━━ SOURCE MATERIAL

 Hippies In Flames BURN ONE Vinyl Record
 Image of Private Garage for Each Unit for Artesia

━━━━
━━ SOURCE MATERIAL

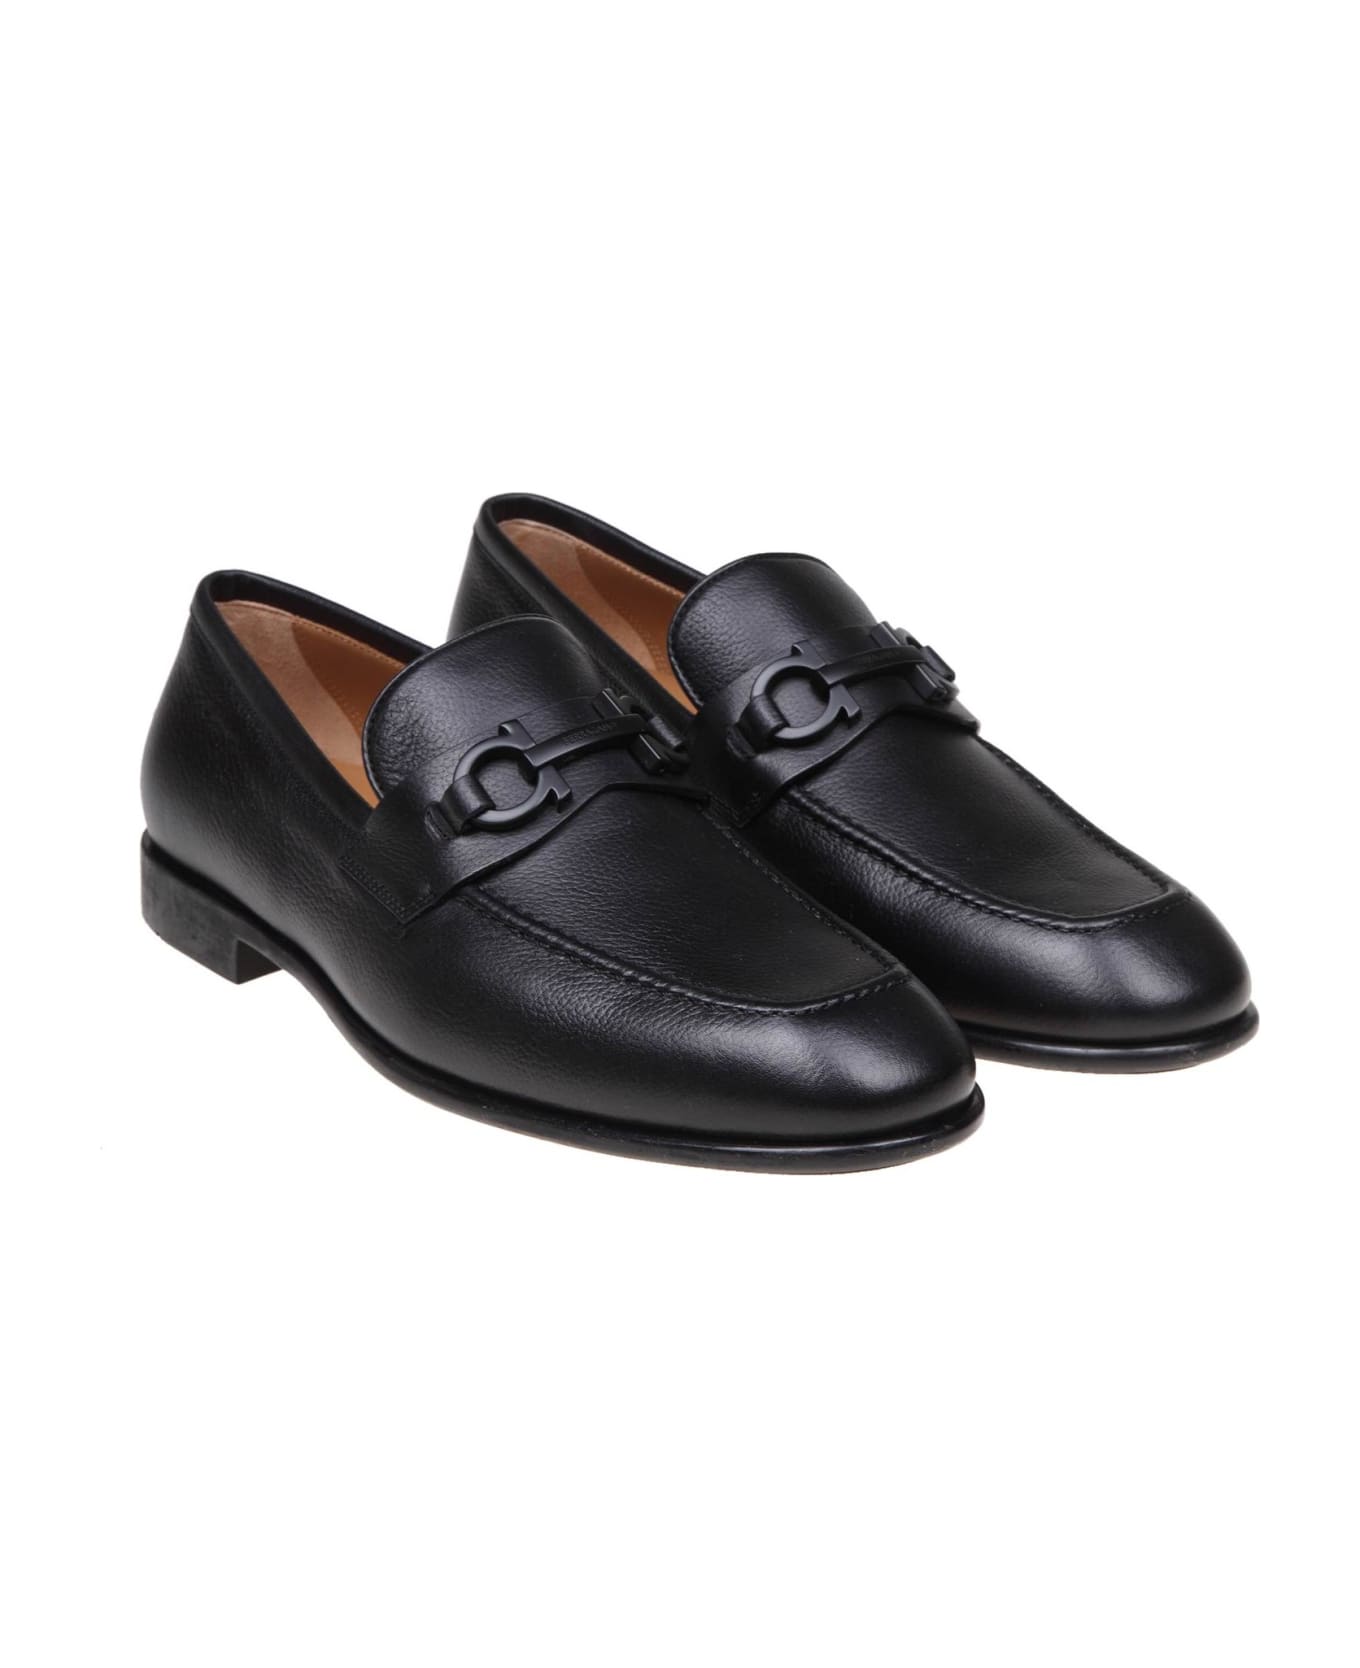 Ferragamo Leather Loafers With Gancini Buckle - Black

━━━━
━━ SOURCE MATERIAL

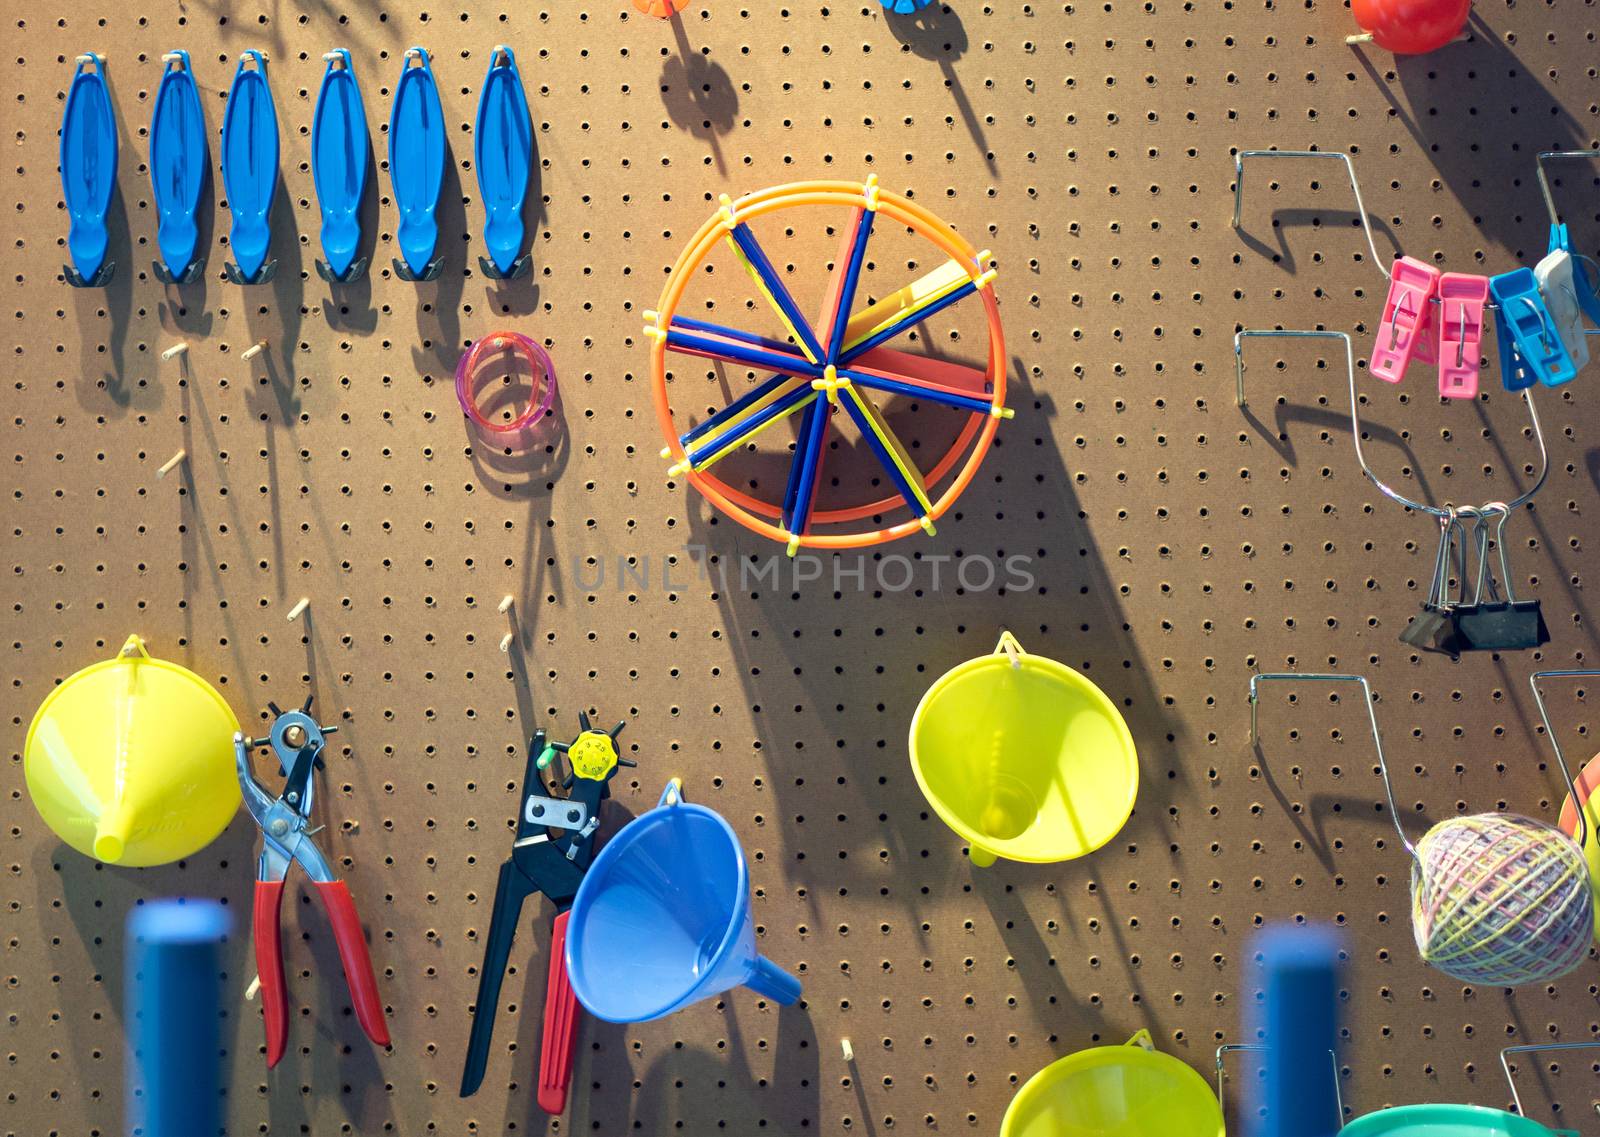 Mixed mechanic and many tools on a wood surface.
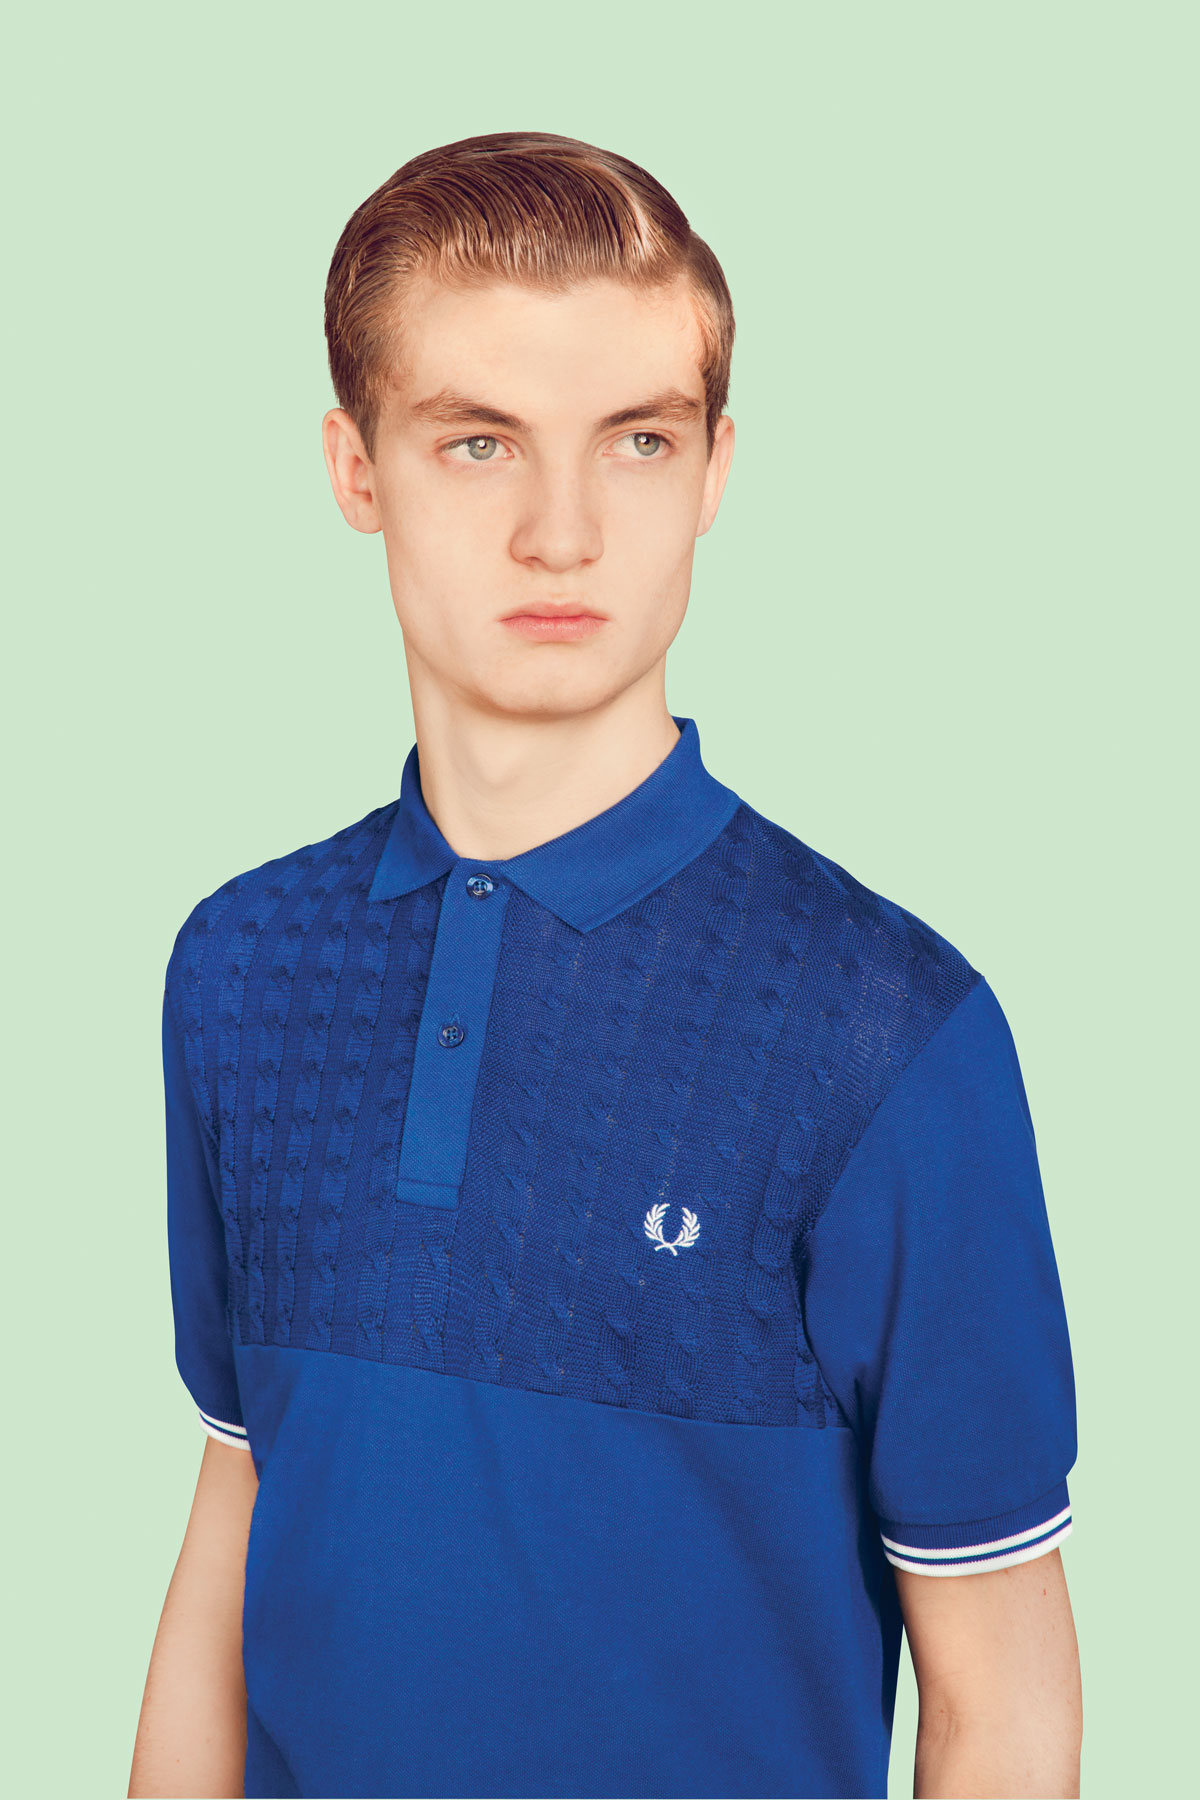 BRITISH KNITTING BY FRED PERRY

━━━━

- **TRY IT**: The lines above from the one containing "Hippies In Flames BURN ONE Vinyl Record" through the one containing "Image of Private" are to be set down exactly, and no others.

- **SOLUTION FOR THIS TASK**:
 Hippies In Flames BURN ONE Vinyl Record
 Image of Private Garage for Each Unit for Artesia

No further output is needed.